Week 1: Shift 0, so the match-up is V-a1-b1.
Week 2: Shift 1, so the match-up is V-a2-b3.
Week 3: Shift 2, so the match-up is V-a3-b5.
Week 4: Shift 3, so the match-up is V-a4-b7.
Week 5: Shift 4, so the match-up is V-a5-b9.
Week 6: Shift 5, so the match-up is V-a6-b11.
Week 7: I cannot use Shift 6, because it would give the match-up is V-a7-b1 but V already played with b1. However Shift 7 is good. It gives V-a7-b2.
Week8: Shift 6 is no good: V-a8-b2. Shift 8 is good: V-a8-b4.
That way, V never plays the same team twice. Now the shifts for each are
pinned down and cannot move. I will match-up W, X, Y, Z by "rotating everything cyclically" as we say in the business:
The successive a-partners of V were a1, a2, a3, a4, a5, a6, a7, a8.

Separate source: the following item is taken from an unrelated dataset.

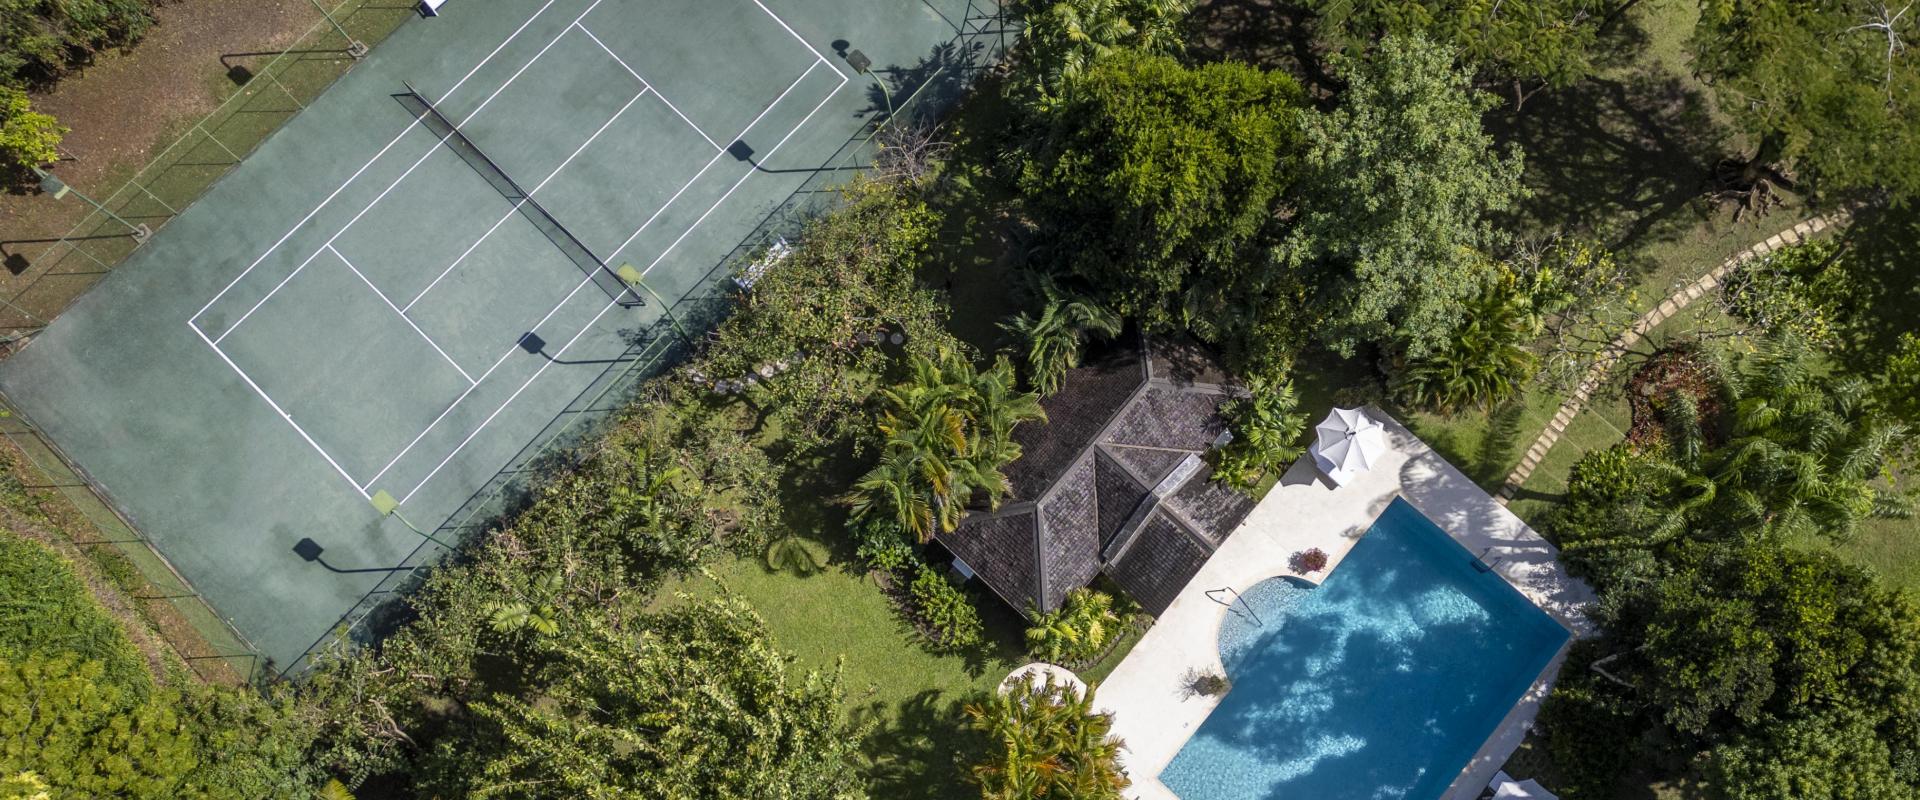 Heronetta Sandy Lane Estate Barbados Aerial View of Pool, Pool House and Tennis Courts

The successive a-partners of W will be a3, a4, a5, a6, a7, a8, a9, a10.
The successive a-partners of X will be a6, a7, a8, a9, a10, a11, a12, a1.

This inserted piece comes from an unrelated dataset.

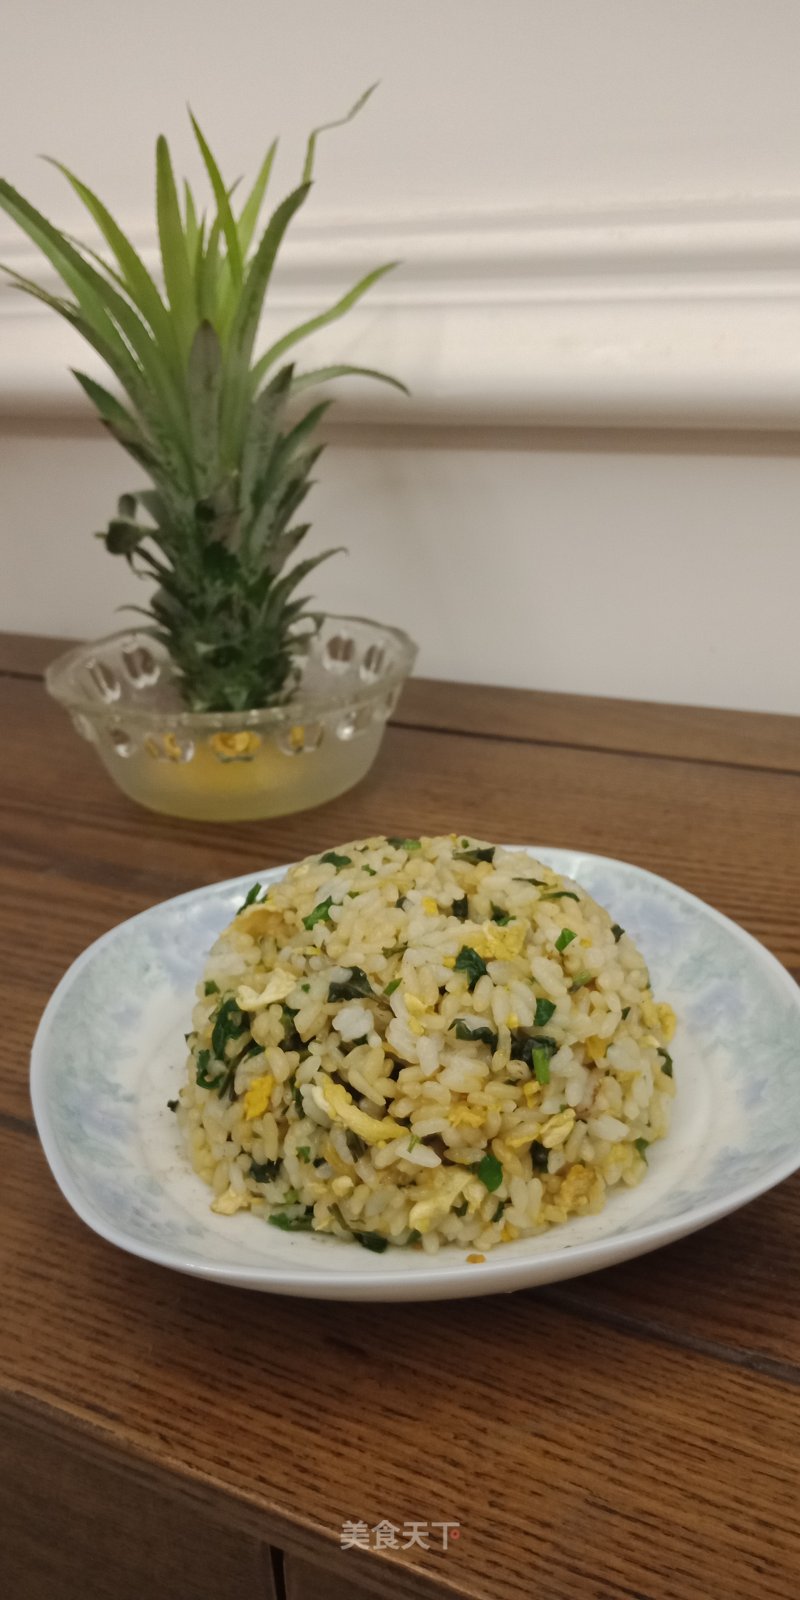 Fried Rice with Wolfberry Bud and Egg

The successive a-partners of Y will be a8, a9, a10, a11, a12 a1, a2, a3.
The successive a-partners of Z will be a11, a12 a1, a2, a3 a4, a5, a6.
(Here I jump up by 2, then 3, then 2, then 3 so that the number of tri-matches of all the a-teams will be roughly the same. I hope it will be the similar for the b-teams.)
So, all in all, the schedule is the following:
Week 1: V-a1-b1, a2-b2, W-a3-b3, a4-b4, a5-b5, X-a6-b6,
a7-b7, Y-a8-b8, a9-b9, a10-b10, Z-a11-b11, a12-b12
Week 2: a1-b2, V-a2-b3, a3-b4, W-a4-b5, a5-b6, a6-b7,
X-a7-b8, a8-b9. Y-a9-b10, a10-b11, a11-b12, Z-a12-b1
Week 3: Z-a1-b3, a2-b4, V-a3-b5, a4-b6, W-a5-b7, a6-b8,
a7-b9, X-a8-b10, a9-b11, Y-a10-b12, a11-b1, a12-b2
Week 4: a1-b4, Z-a2-b5, a3-b6, V-a4-b7, a5-b8, W-a6-b9,
a7-b10, a8-b11, X-a9-b12, a10-b1, Y-a11-b2, a12-b3
Week 5: a1-b5, a2-b6, Z-a3-b7, a4-b8, V-a5-b9, a6-b10,
W-a7-b11, a8-b12, a9-b1, X-a10-b2, a11-b3, Y-a12-b4
Week 6: Y-a1-b6, a2-b7, a3-b8, Z-a4-b9, a5-b10, V-a6-b11,
a7-b12, W-a8-b1, a9-b2, a10-b3, X-a11-b4, a12-b5
Week 7: a1-b8, Y-a2-b9, a3-b10, a4-b11, Z-a5-b12, a6-b1,
V-a7-b2, a8-b3, W-a9-b4, a10-b5, a11-b6, X-a12-b7
Week 8: X-a1-b9, a2-b10, Y-a3-b11, a4-b12, a5-b1, Z-a6-b2,
a7-b3, V-a8-b4, a9-b5, W-a10-b6, a11-b7, a12-b8.
It turns out that every small team plays 3 or 4 times in tri-matches, except b8 and b11 who play only 2 times, and b9 which plays 5 times. Let me know if this is a problem.